Book/Article Reviews

Tomasi Workshop Part II

Here’s part II of my comments on Tomasi’s Free Market Fairness for the Pacific APA. Much of this material today will be familiar to regular readers of this blog. Tomorrow I’ll post some newer stuff you haven’t heard here yet.

The Exclusion Problem

            For Rawls—at least most of the time—the first principle of justice has lexical priority over the second principle. The liberties described by the first principle take priority over the form of social justice described in the second principle.

David Schmidtz illustrates this by asking us to imagine that, bizarrely, Jim Crow laws turned out to be to the economic advantage of African Americans.[i] Instead of the American Deep South, imagine a property-owning democracy just like the kind Rawls describes, except that it has Jim Crow laws.

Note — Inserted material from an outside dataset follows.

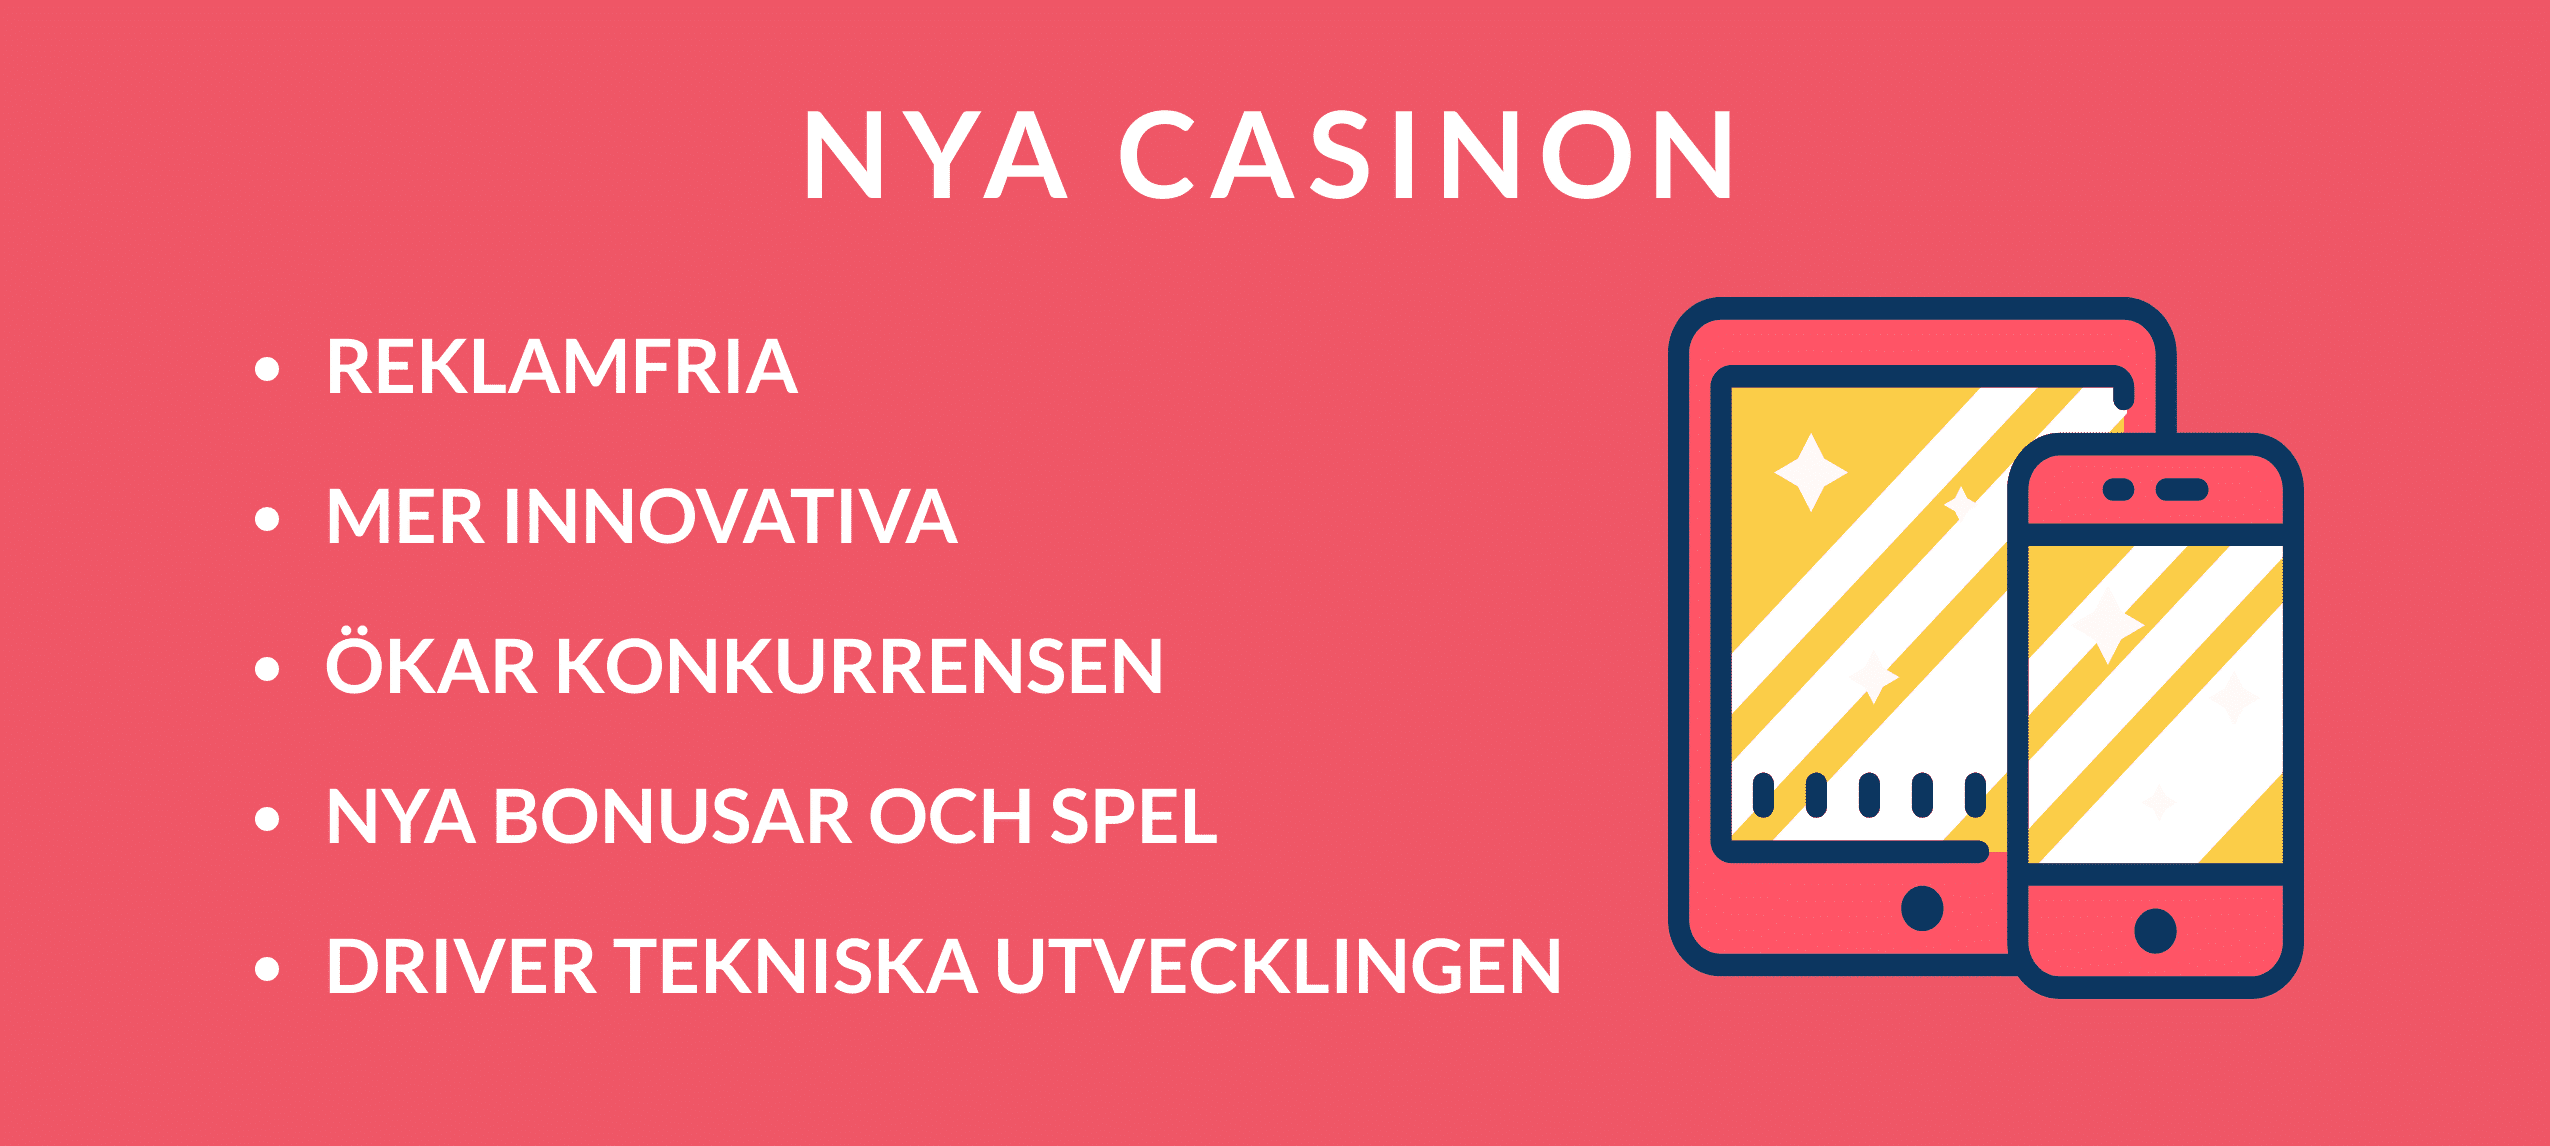 nya casinon infographic about casivo se

Now suppose, contrary to actual economic fact,[ii] that segregation was so economically efficient that blacks do better under segregation than under non-segregation in this property-owning democracy. Suppose, weirdly, that segregating certain least-advantaged classes actually makes them more economically advantaged overall. Schmidtz explains that for Rawls, because liberty comes first, segregation would still be unjust, even in these circumstances.

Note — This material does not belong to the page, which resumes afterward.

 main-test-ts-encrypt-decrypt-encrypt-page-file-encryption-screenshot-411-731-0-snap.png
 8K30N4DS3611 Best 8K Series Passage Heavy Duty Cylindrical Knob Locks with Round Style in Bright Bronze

Or, alternatively, suppose we determined through sociological studies that outlawing a particular religion, say Rastafarianism, would lead to greater economic efficiency, which in turn would improve the situation of the least-advantaged class. Suppose it would even make Rastafarians richer. Still, freedom of religion is protected by Rawls’s first principle. Thus, according to Rawls, we cannot outlaw Rastafarianism, even if doing so would help us realize goals of social justice. The basic liberties come first; social justice comes second.

You can see where this is going, because it’s the obvious objection. Surely, the more firmly and broadly we entrench capitalist economic freedoms in the first principle of justice, the less space there is for us to realize social justice through the second principle. At the extreme, imagine that we put in the first principle the very same economic rights that Murray Rothbard believes us to have. In that case, no amount of institutional tweaking of property rights, economic redistribution, taxation, etc., would be permissible. Thick economic liberty excludes social justice.

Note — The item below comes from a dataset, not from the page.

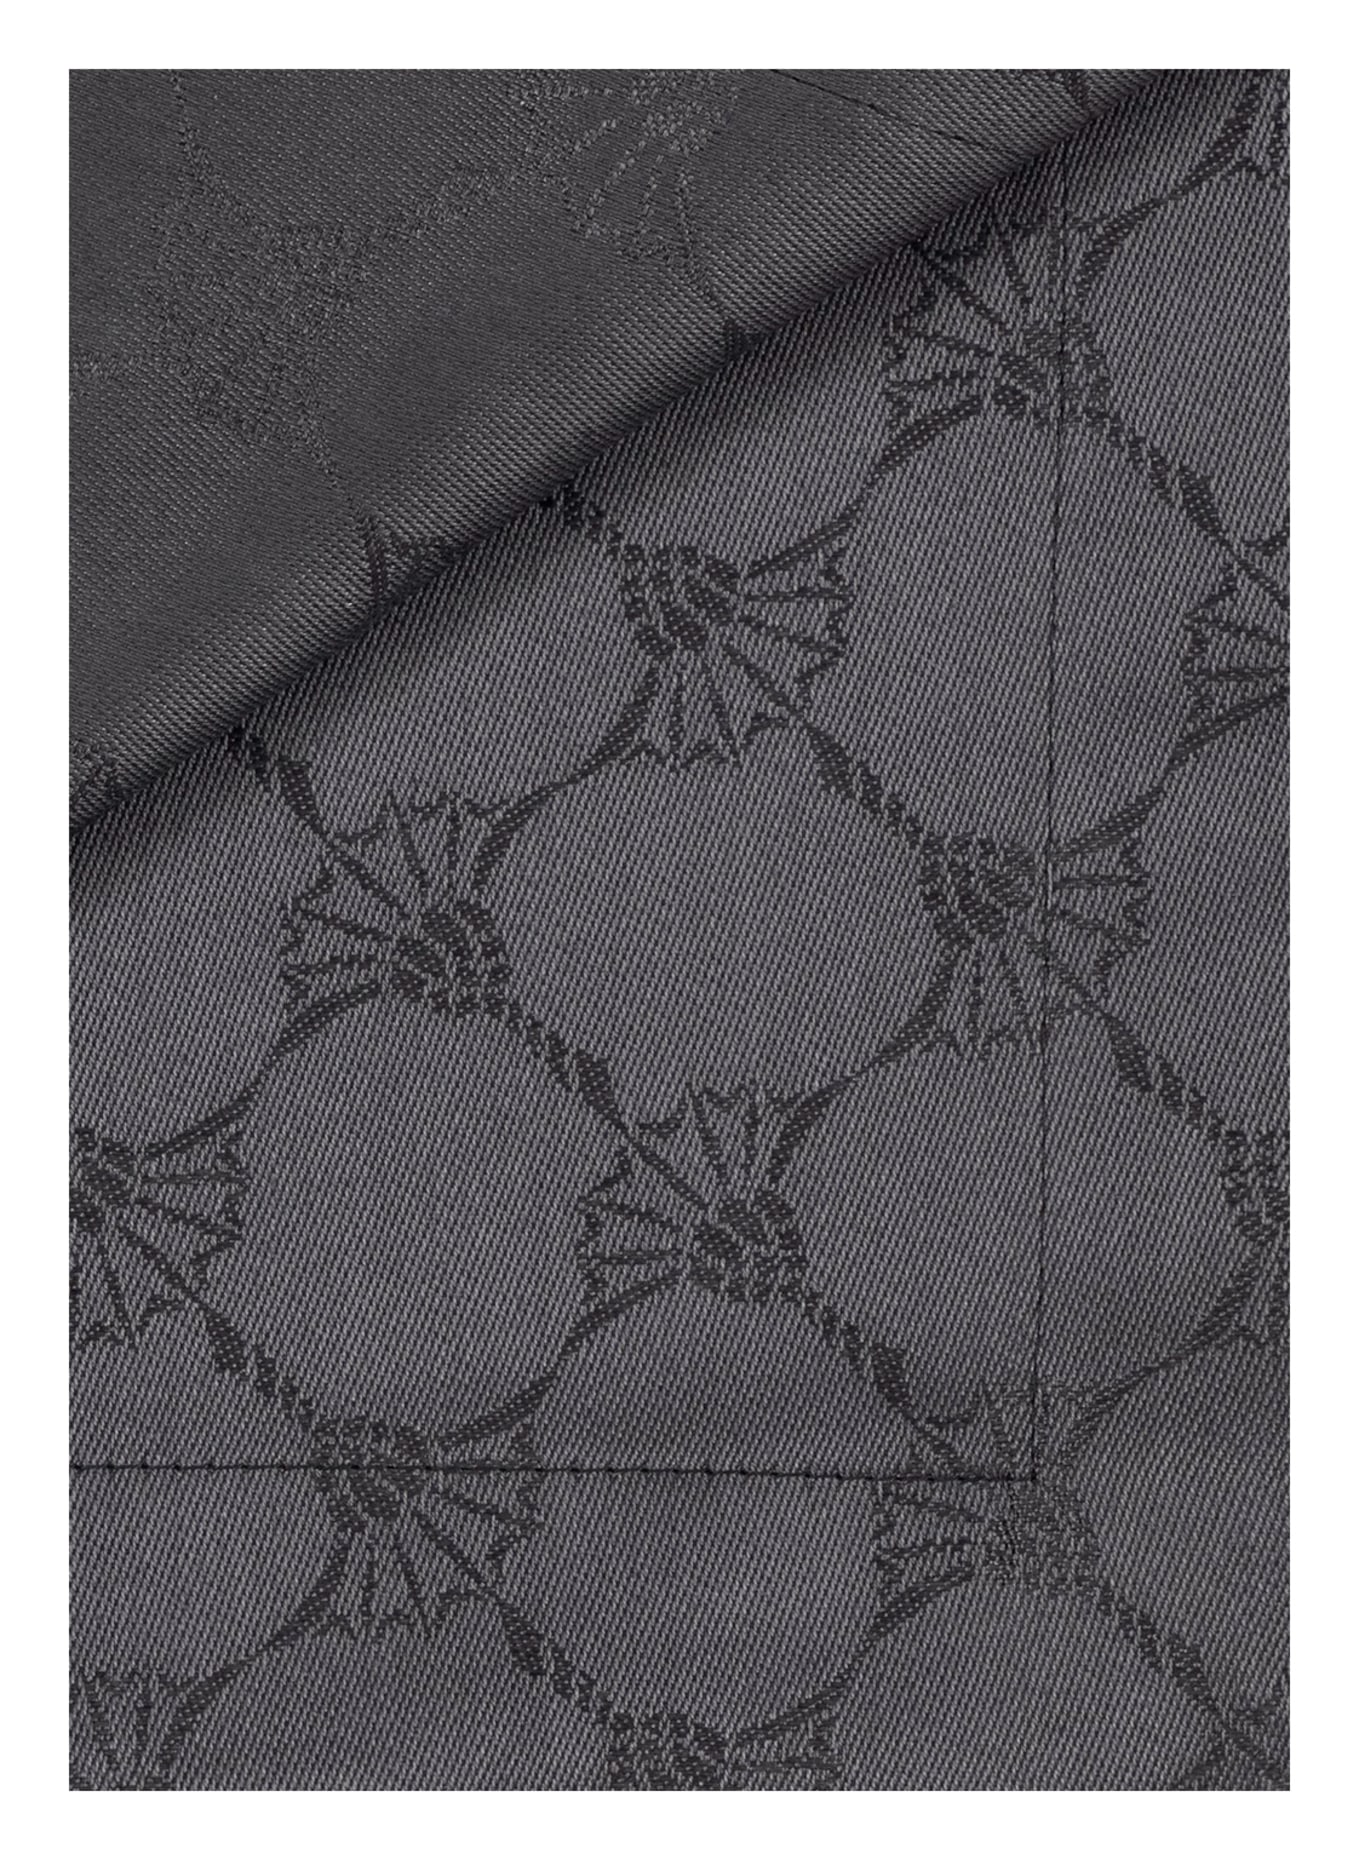 JOOP! Table cloth CORNFLOWER ALL-OVER in dark gray

Now, one response to this criticism would be to accept this extremely robust conception of economic liberty, but then argue that at the level of ideal theory, a Rothbardian anarcho-capitalist society or a Nozickian/Randian minimal-state capitalist society could realize Tomasi’s version of justice as fairness. In fact, I think both of these societies can realize justice-as-fairness at the level of ideal theory, because “realizing justice at the level of ideal theory” is a fairly easy test for regime-types to pass, though not all pass it. One can then just say that full, complete justice requires us to give everyone an extensive sphere of personal and economic liberty as well as to realize certain distributional goals. At an ideal level, robustly anarcho-capitalist institutions can do this. In the real world, maybe they won’t, but that’s a defect of the people, not the institutions. (Justice requires anarcho-capitalism with voluntary charity, etc., but people are too despicable and evil to make it work.) Tomasi doesn’t go this way, but he could, if decided to write a Gerald Cohen-style version of Free Market Fairness. I’ll return to this point below.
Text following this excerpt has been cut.